* _Recorded data_
- Opening Delimiter -
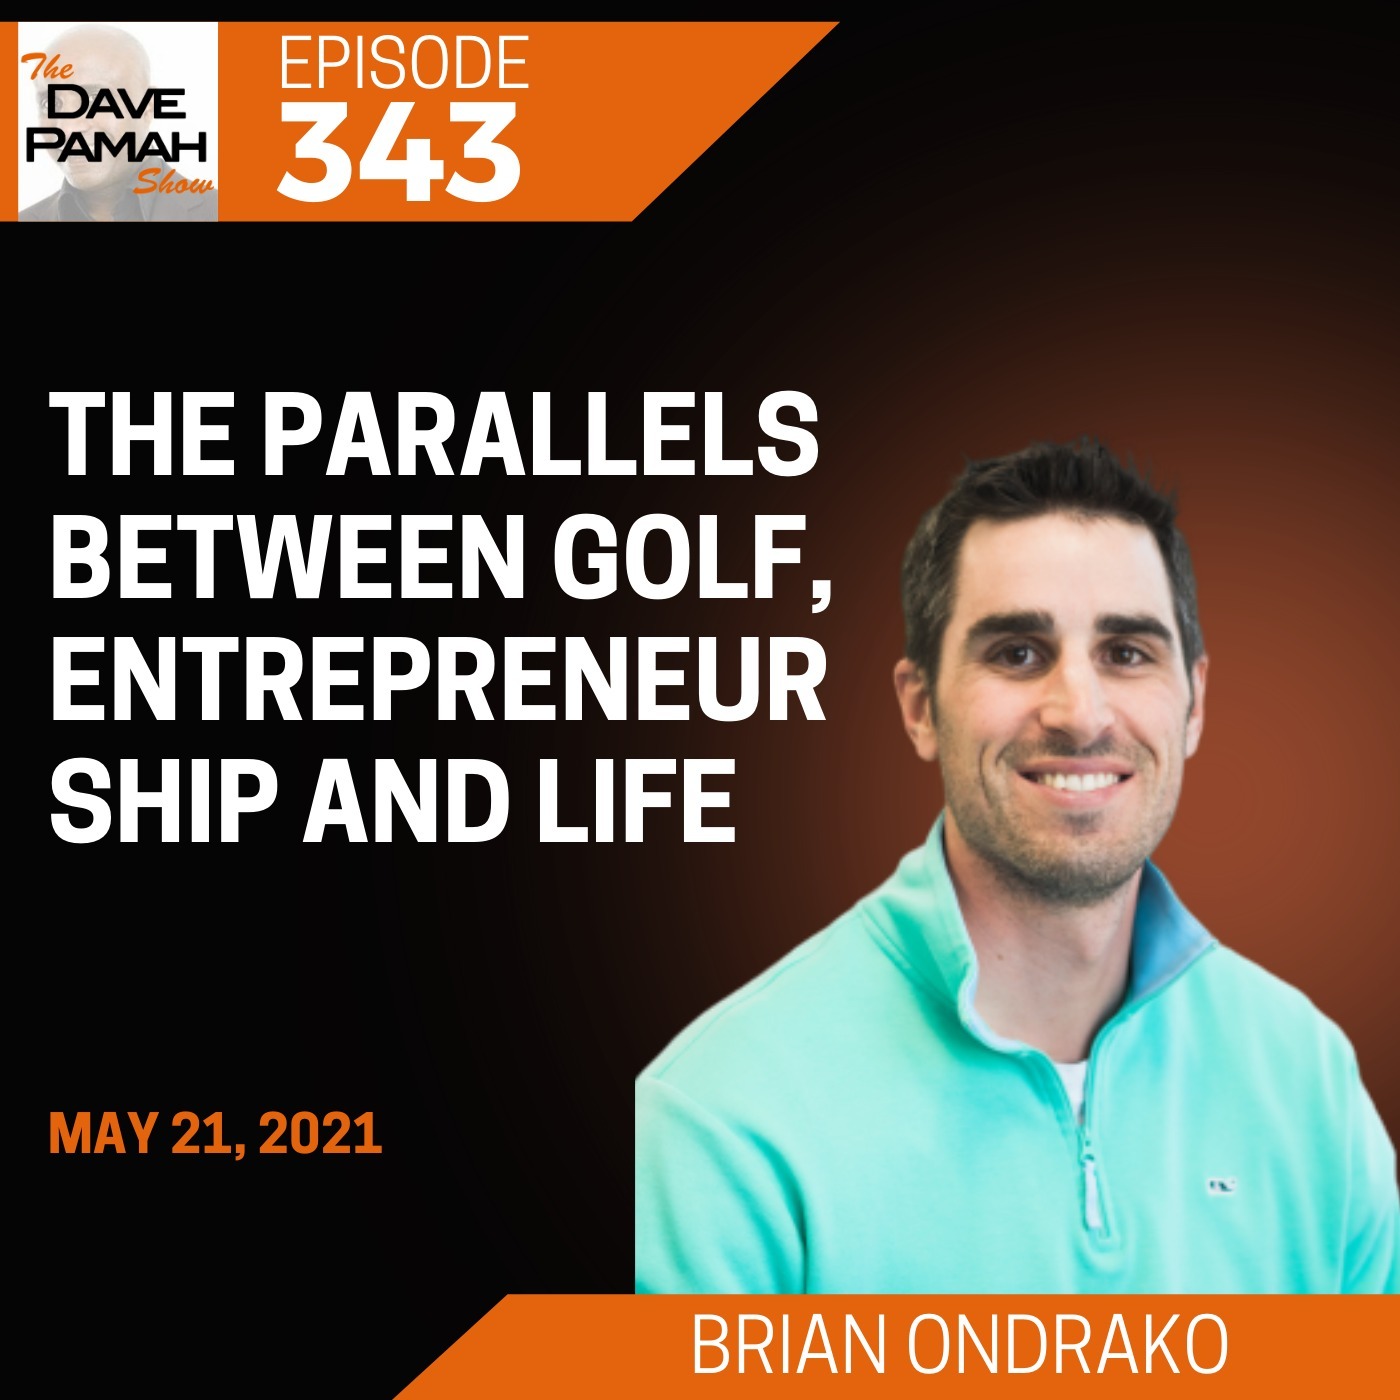 The parallels between golf, entrepreneurship and life with Brian Ondrako Image
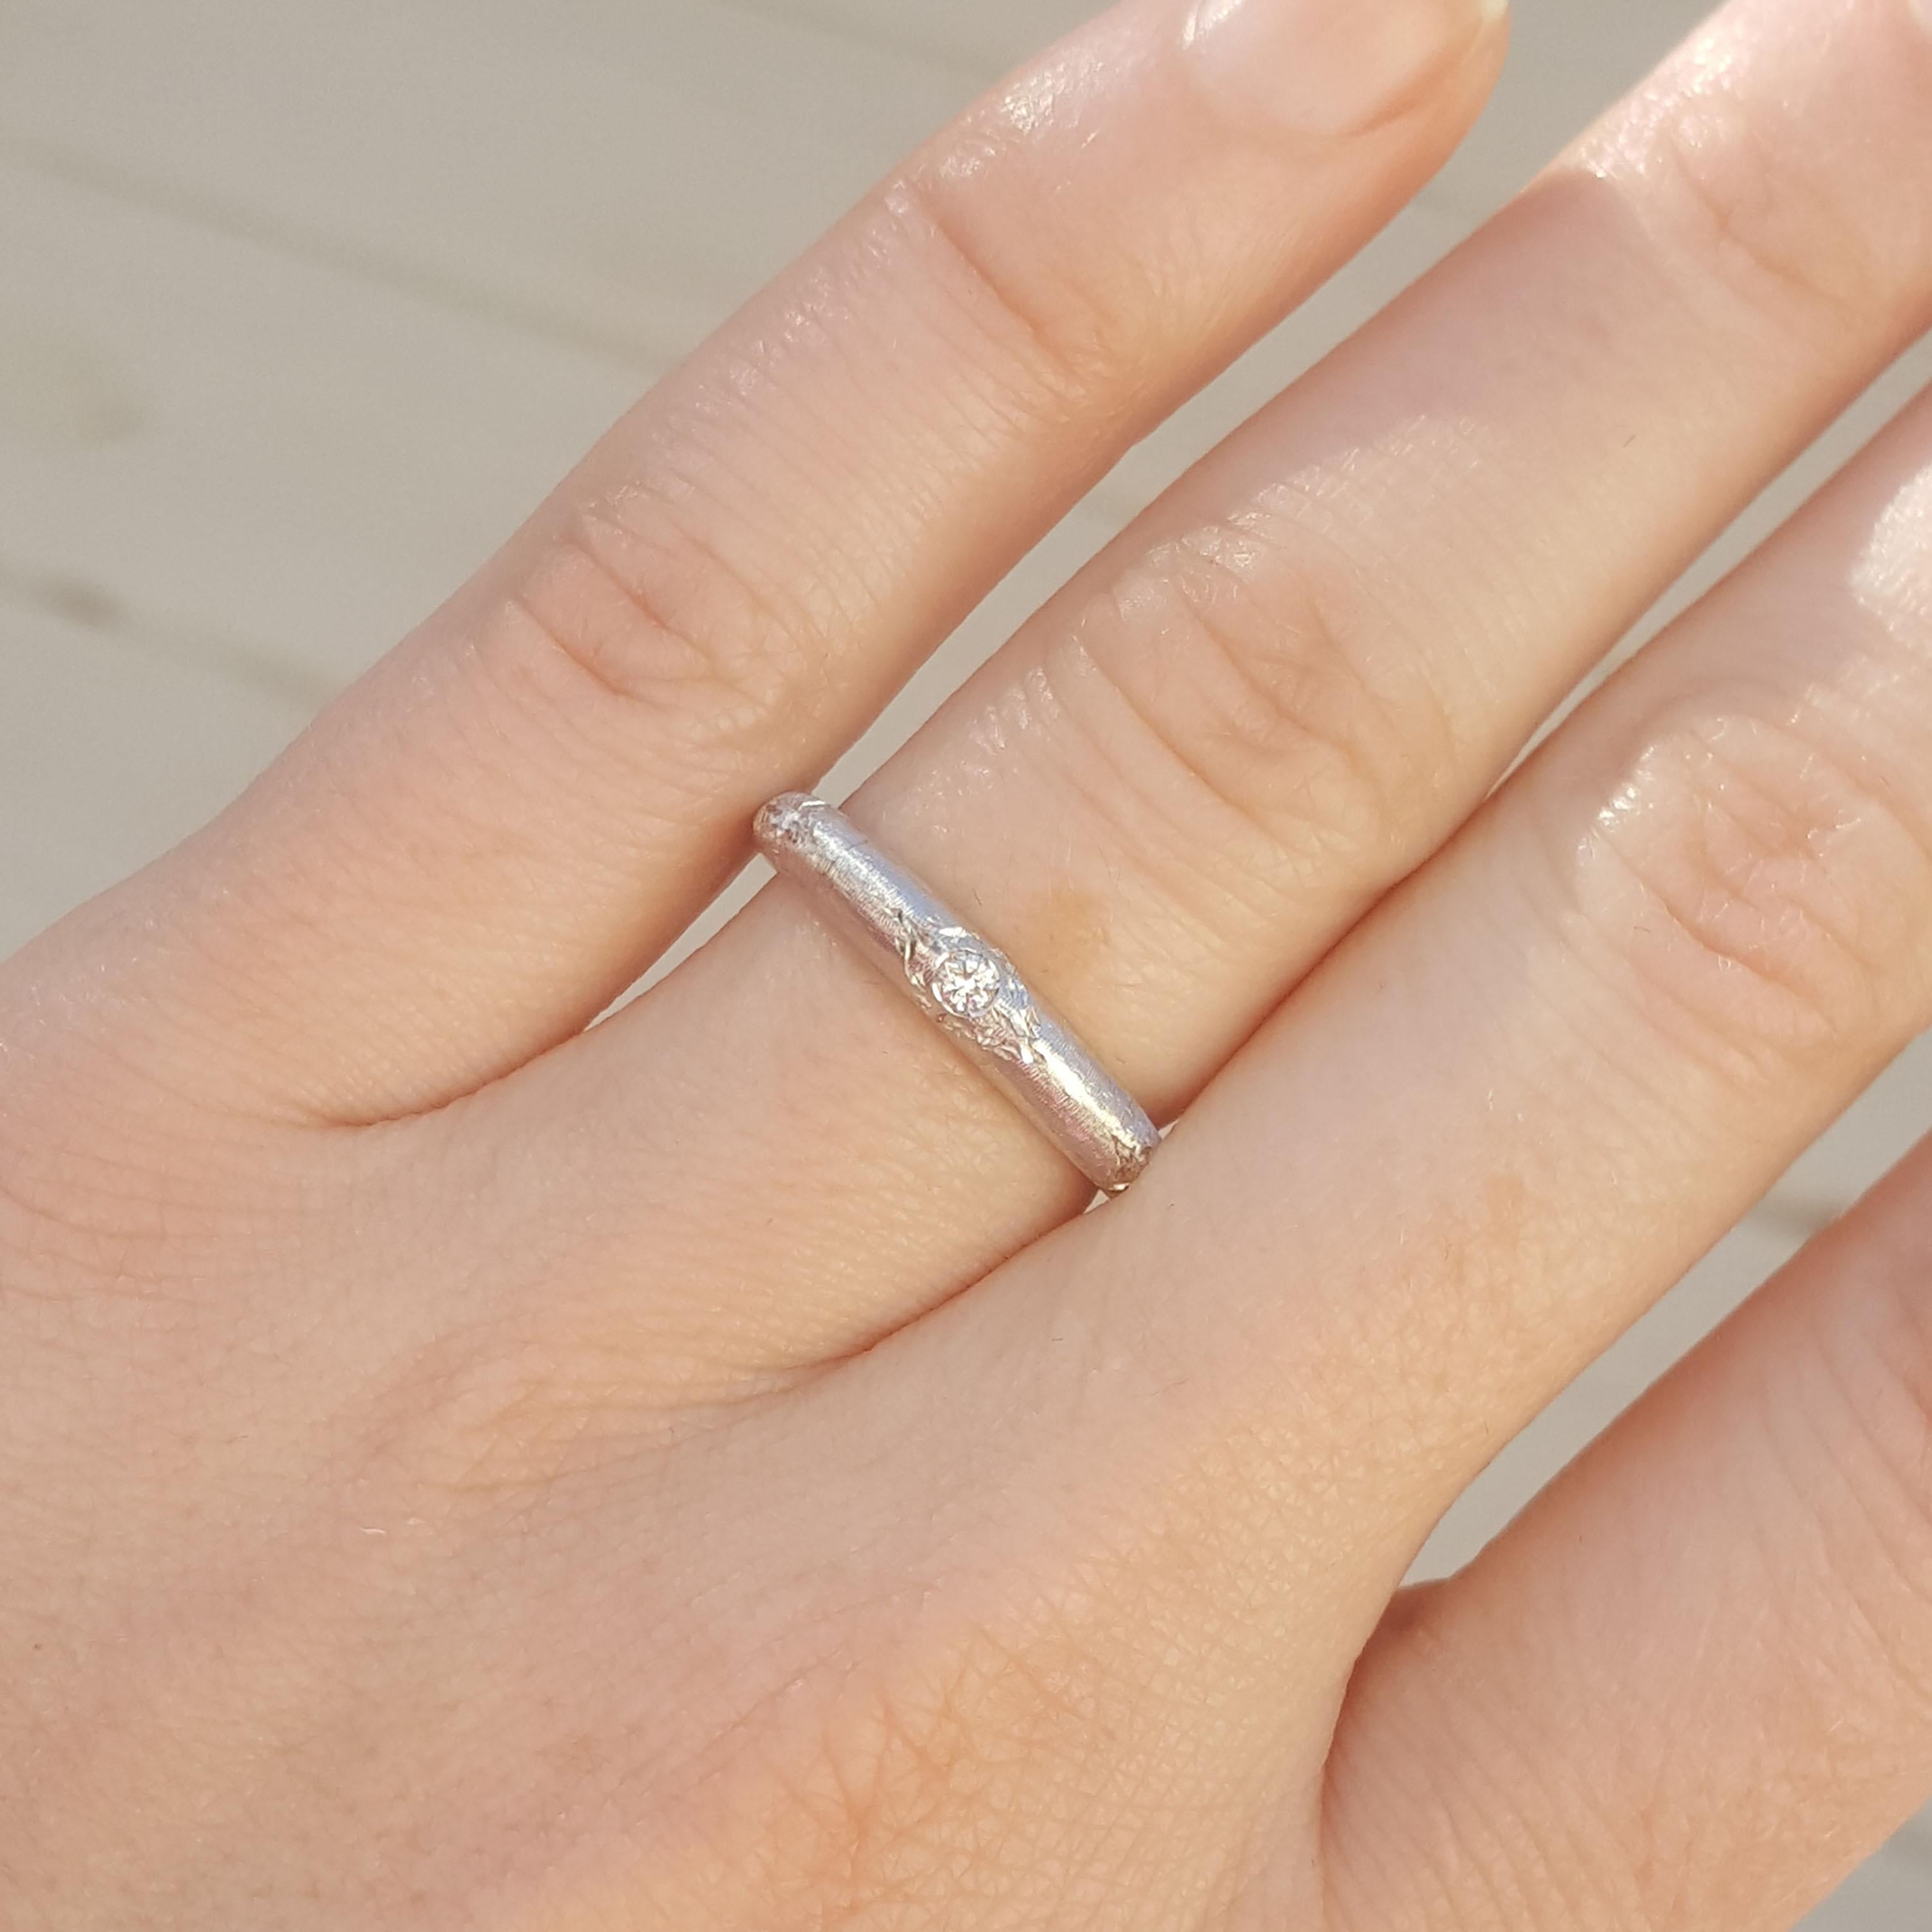 The Piccoli band is charming and delicate, a sweet homage to the sumptuous Florentine style in a wearable and modern style. The single diamond gleams in the richly textured 18kt surface. 

This particular version of this ring is graduated for
- Closing Delimiter -
* _Task_
Using the listing above, set down exactly each line from the one containing "The Piccoli band" through the final line, and leave out pictures.

* _Output below_
 The Piccoli band is charming and delicate, a sweet homage to the sumptuous Florentine style in a wearable and modern style. The single diamond gleams in the richly textured 18kt surface. 

This particular version of this ring is graduated for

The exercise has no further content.